The itinerant Madonnari could earn a reasonable livelihood by traveling from town to town throughout Italy following the schedule of holy days and local festivals. During the four centuries following the Renaissance, street painters were a common sight at religious festivals throughout Europe. In England these early performance artists were called screevers. In Germany they were strassenmalers. The practice continued until World War I when large numbers of these vagabond artists were called into service on both sides of the conflict. By the end of World War II the number of Madonnari had dwindled and the tradition had nearly died out. In Italy only a handful of older Madonnari survived until young artists in search of a way to support a bohemian lifestyle began to join them.
In 1972 the small village of Grazie di Curtatone in northern Italy decided to celebrate, honor, and hopefully revive this public art form that was once so integral to the fabric of holy day pilgrimages throughout Italy. Hundreds of artists from all over Europe were invited to travel to Grazie to compete in a 48-hour street painting marathon. The invitation generated immediate enthusiasm.
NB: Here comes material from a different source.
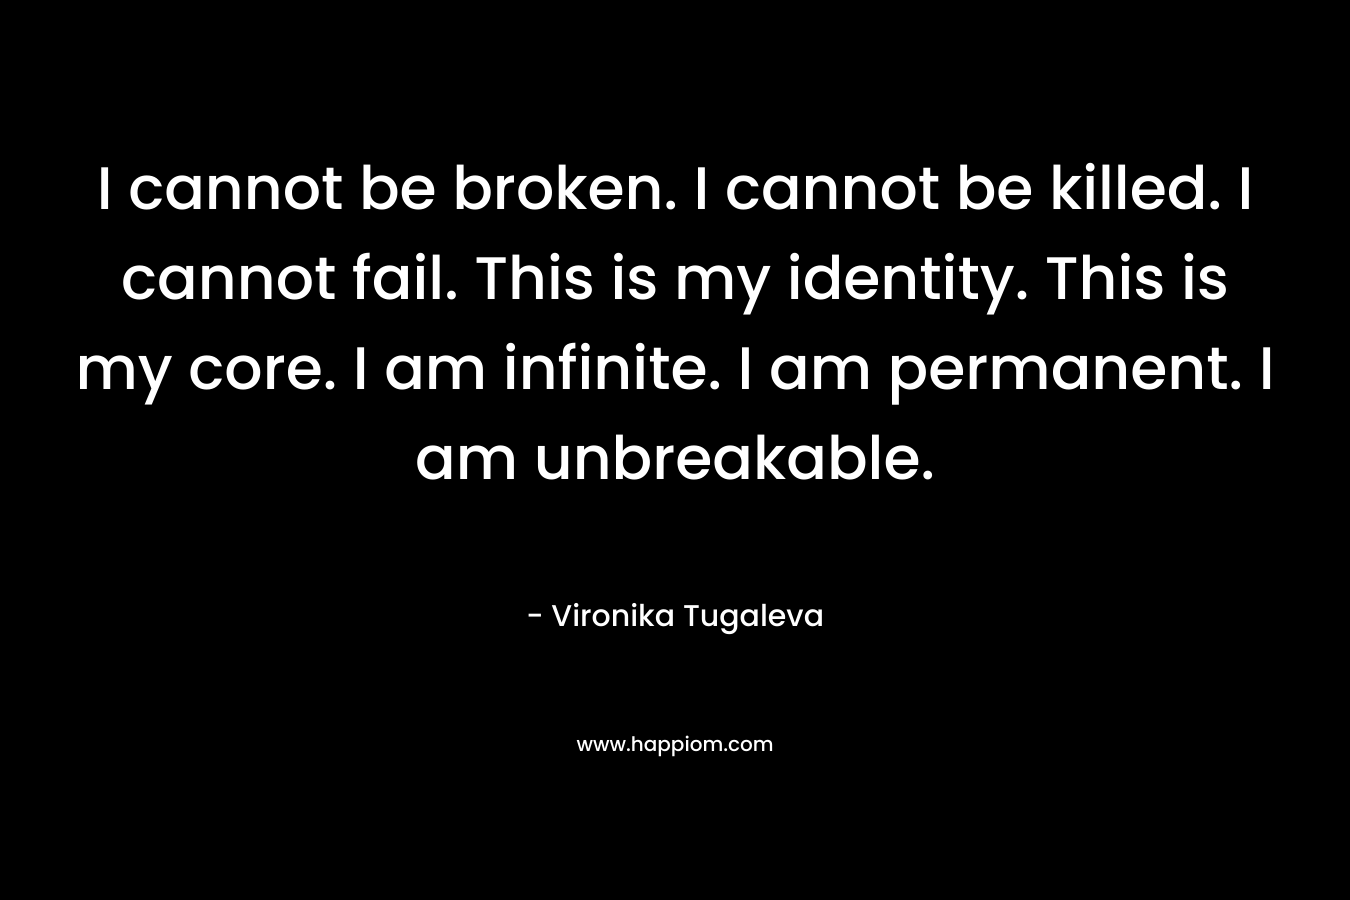 I cannot be broken. I cannot be killed. I cannot fail. This is my identity. This is my core. I am infinite. I am permanent. I am unbreakable.

A decade later Kurt Wenner left the United States to study classical art traditions in Italy and quickly joined the ranks of the Madonnari as a way to support himself while abroad. In 1985 Wenner became the first non-European to win the coveted Gold Medal at Grazie for three consecutive years and was awarded the title Master Street Painter.
Wenner’s entry into the world of the Madonnari was influential in a number of ways. A naturally gifted artist, he was well schooled in classical techniques and admired Renaissance and Baroque traditions in both figurative and architectural subject matter. His festival debut showcased the Baroque mural technique of anamorphic perspective typically used for murals inside cathedral domes, but adapted by him for the oblique viewing angle specific to street painting.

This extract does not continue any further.